Paul Welty, PhD AI, WORK, AND STAYING HUMAN

· development

Dev reflection - February 20, 2026

I want to talk about the difference between execution and verification. Because something happened this week that made the distinction painfully clear, and I think it matters far beyond software.

Duration: 9:03 | Size: 10.4 MB


Hey, it’s Paul. Friday, February 20, 2026.

I want to talk about the difference between execution and verification. Because something happened this week that made the distinction painfully clear, and I think it matters far beyond software.

Here’s the setup. I ran 87 tasks through automated agents in a single day across five different projects. Features shipped. Code merged. Test counts jumped by nearly 200. On paper, it was one of the most productive days I’ve ever had. And then a real person — Stacy — sat down to actually use one of the products. And things broke. Not because the code was wrong, exactly. The code did what it was supposed to do. But switching workspaces silently failed because nobody had wrapped the call in error handling. Team settings showed random identifier strings instead of people’s names. A database constraint was missing a single value, so an entire feature just… didn’t work.

The agents that built those features executed flawlessly against the specifications they were given. They just couldn’t see what a human clicking through the interface would experience. And that gap — between code that works in isolation and software that works in context — that’s not a technical problem. That’s an epistemological one.

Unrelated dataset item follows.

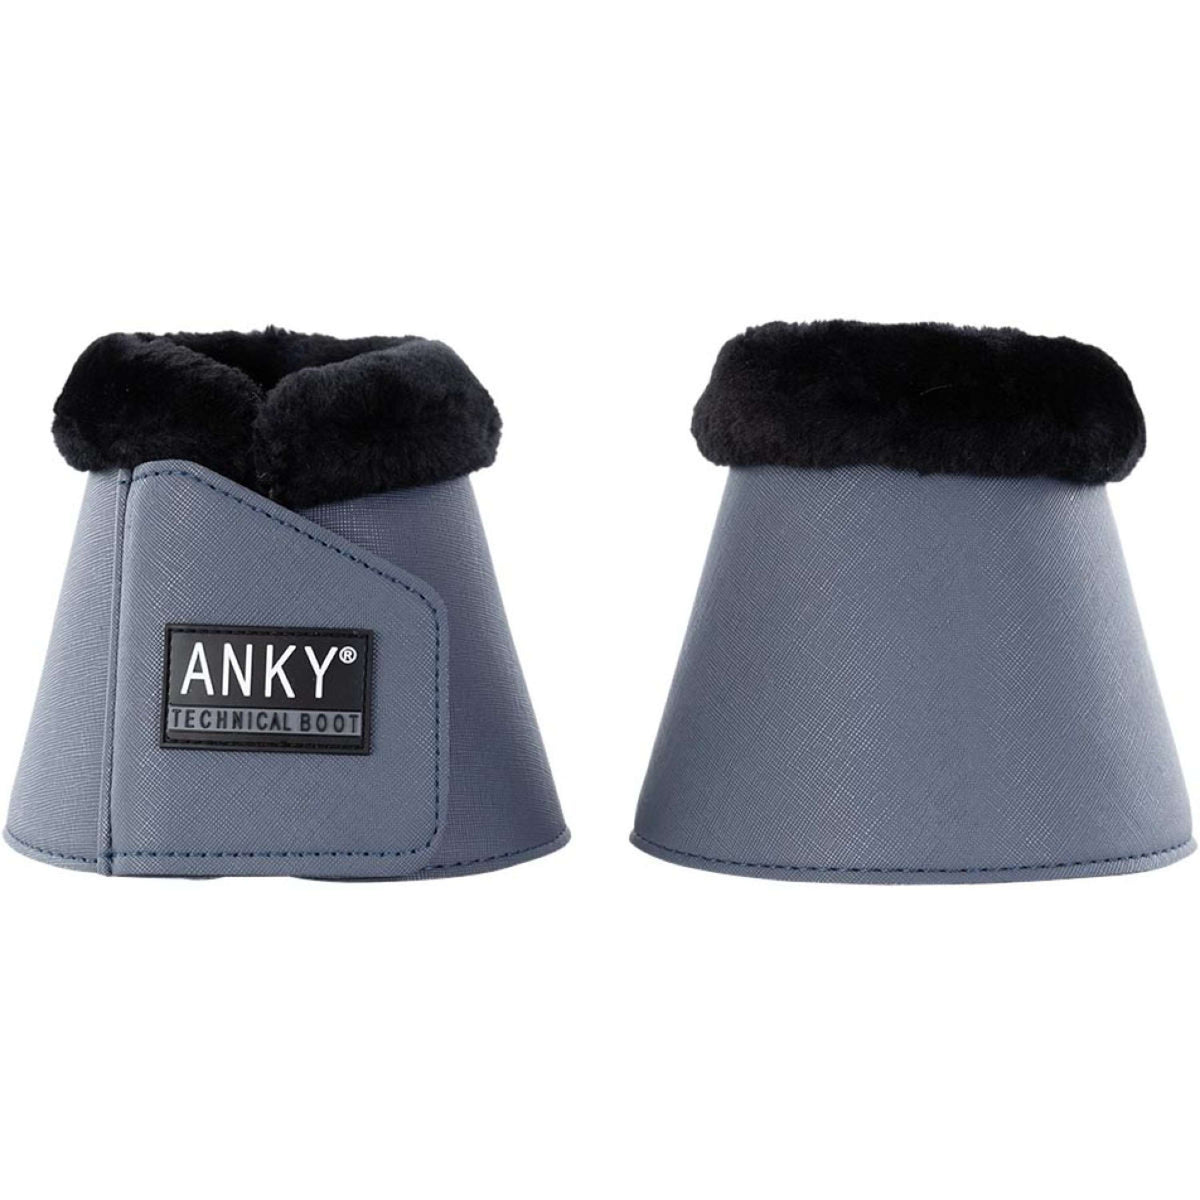 ANKY Cloches d'Obstacles Fur ATB232004 Turbulence

There’s a concept in philosophy of science that I keep coming back to. Pierre Duhem and W.V.O. Quine both argued, in different ways, that you can never test a single hypothesis in isolation. Every test carries with it a web of background assumptions — about your instruments, your environment, your interpretation of results. When something fails, you don’t automatically know which part of the web broke.

That’s exactly what’s happening here, but with work instead of science. An agent writes a feature. The feature passes its tests. But the tests themselves carry assumptions — that the database has certain constraints, that the user arrives from a certain path, that other features behave in certain ways. The agent can’t see the web. It sees its task.

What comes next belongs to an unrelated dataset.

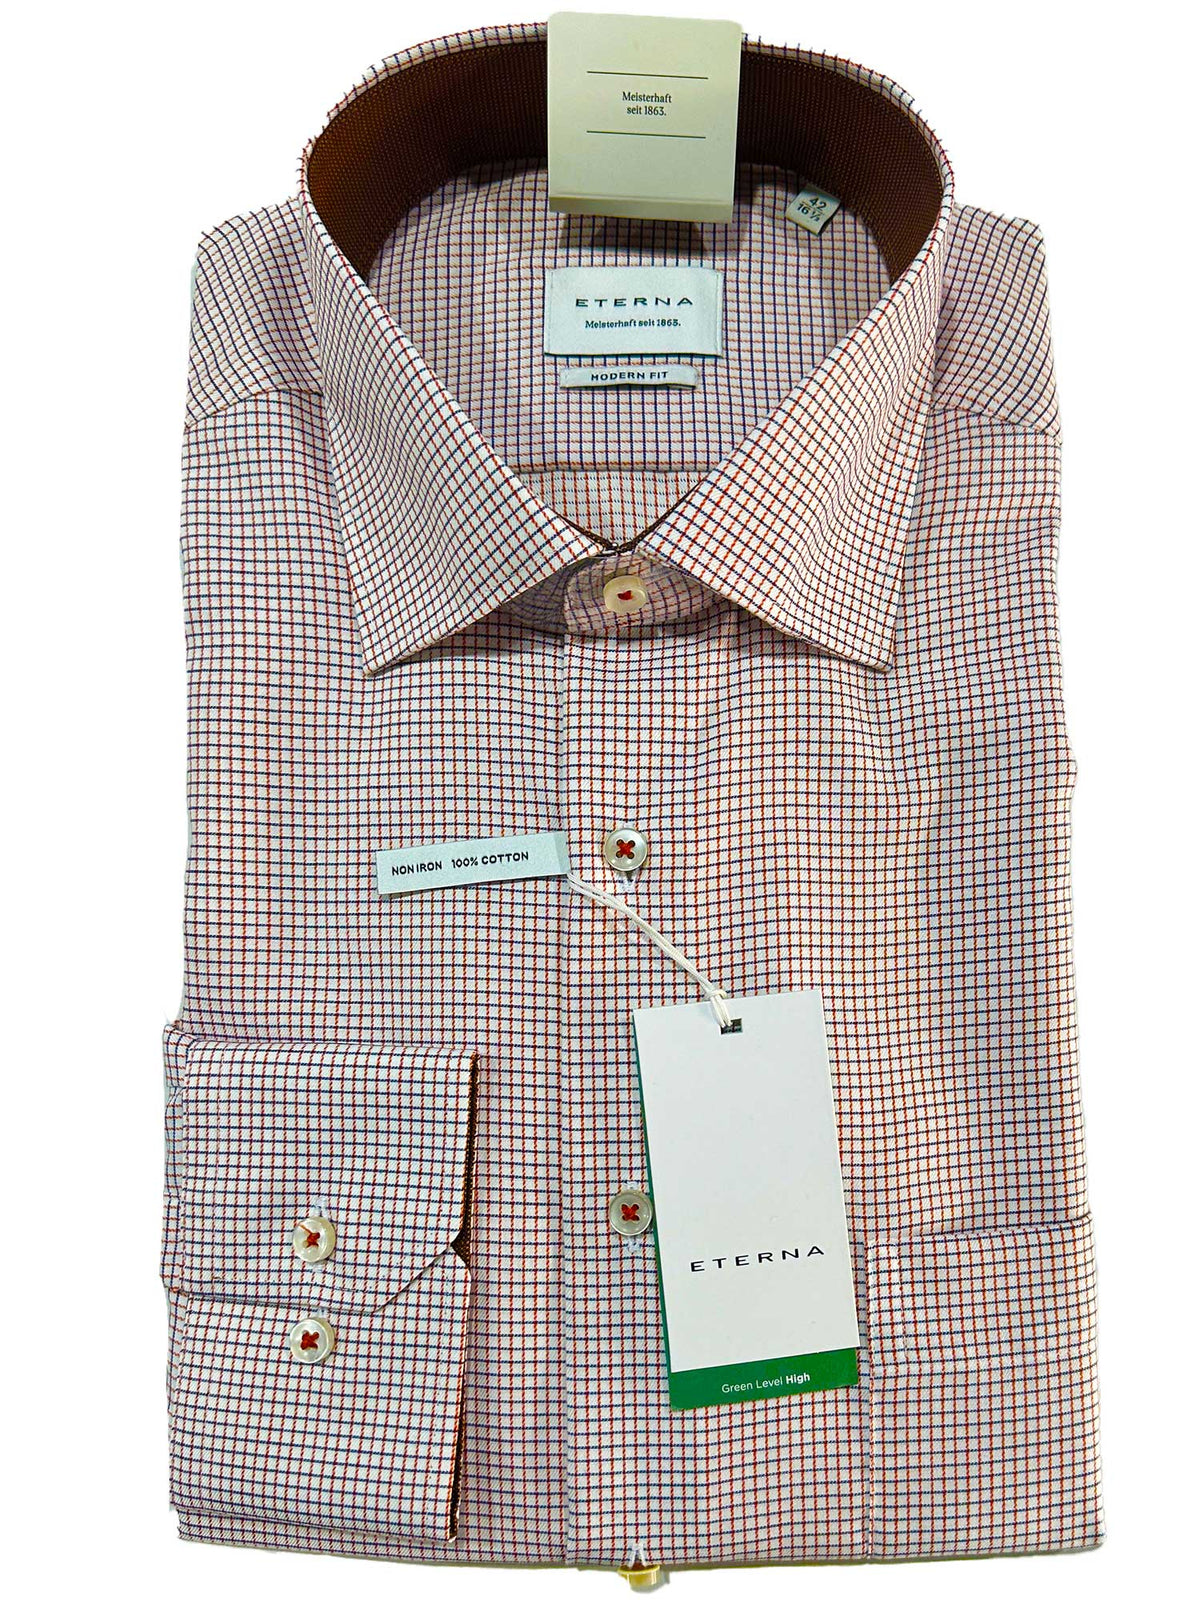 4065M  https://harrysformenswear.com.au/products/4002-16-copy  Eterna Shirts made with super fine cotton. ETERNA produces a wide range of high quality non-iron shirts and blouses. The extensive range includes: Comfort Fit , Modern Fit, Premium, Slim Fit and Super Slim Shirts. The ETERNA collection is based on 100 percent “ fine cotton”, a high-value and non-iron cotton. The fabric…

And honestly? This is how most knowledge work has always operated. We’ve just been able to hide it because the person writing the code was also the person using the product, or at least close enough to it. The background assumptions were carried in someone’s head, unarticulated but present. When you separate execution from the person who holds the context, those assumptions become invisible. Not wrong. Invisible.

This is why handoffs fail in organizations. This is why consultants deliver technically correct recommendations that nobody implements. This is why new hires can follow every process document perfectly and still miss the point. The explicit instructions are never the whole story. The web of assumptions matters as much as the task.


So here’s the second thing I noticed. When I looked at what the agents handled well versus what still required me, the pattern was clean. Almost too clean.

Agents crushed mechanical work. Consolidating duplicate code structures, replacing repetitive patterns with helpers, adding timeouts, writing tests, deleting dead files, compressing images. Anything with a clear start state, a clear end state, and a well-defined transformation between them. They also shipped greenfield features — notification preferences, feedback tables, demo routes — as long as the spec was tight.

But every single production bug required me. Not because the bugs were hard. They weren’t. A missing try-catch. A database query that only fetched one user’s email. A constraint enum that was missing a value. Trivial fixes, five minutes each. The difficulty wasn’t in the fix. It was in knowing the fix was needed. You had to be Stacy, sitting in front of the screen, trying to switch workspaces and watching nothing happen.

This maps onto a distinction I think about a lot in organizational work. There’s a difference between tasks that are complicated and tasks that are complex. Complicated tasks have many steps but are ultimately predictable — you can write them down, decompose them, parallelize them. Complex tasks involve emergent behavior, feedback loops, things that only become visible when the whole system is running. Dave Snowden’s Cynefin framework draws this line, and it’s useful here.

The agents are spectacular at complicated work. They might never be good at complex work. Not because of some limitation in AI — maybe that gets solved, maybe it doesn’t — but because complex work requires being embedded in the context. You have to be the user. You have to hold the whole web of assumptions in your head and notice when one of them breaks.


The third thing. I consolidated two sets of scheduled processes this week into single pipelines. Instead of three independent timers firing three independent scripts, I now have one orchestrator that runs the full sequence: scan, search, generate, brief. Same thing on another project: aggregate logs, synthesize, generate audio, publish. One command, full flow.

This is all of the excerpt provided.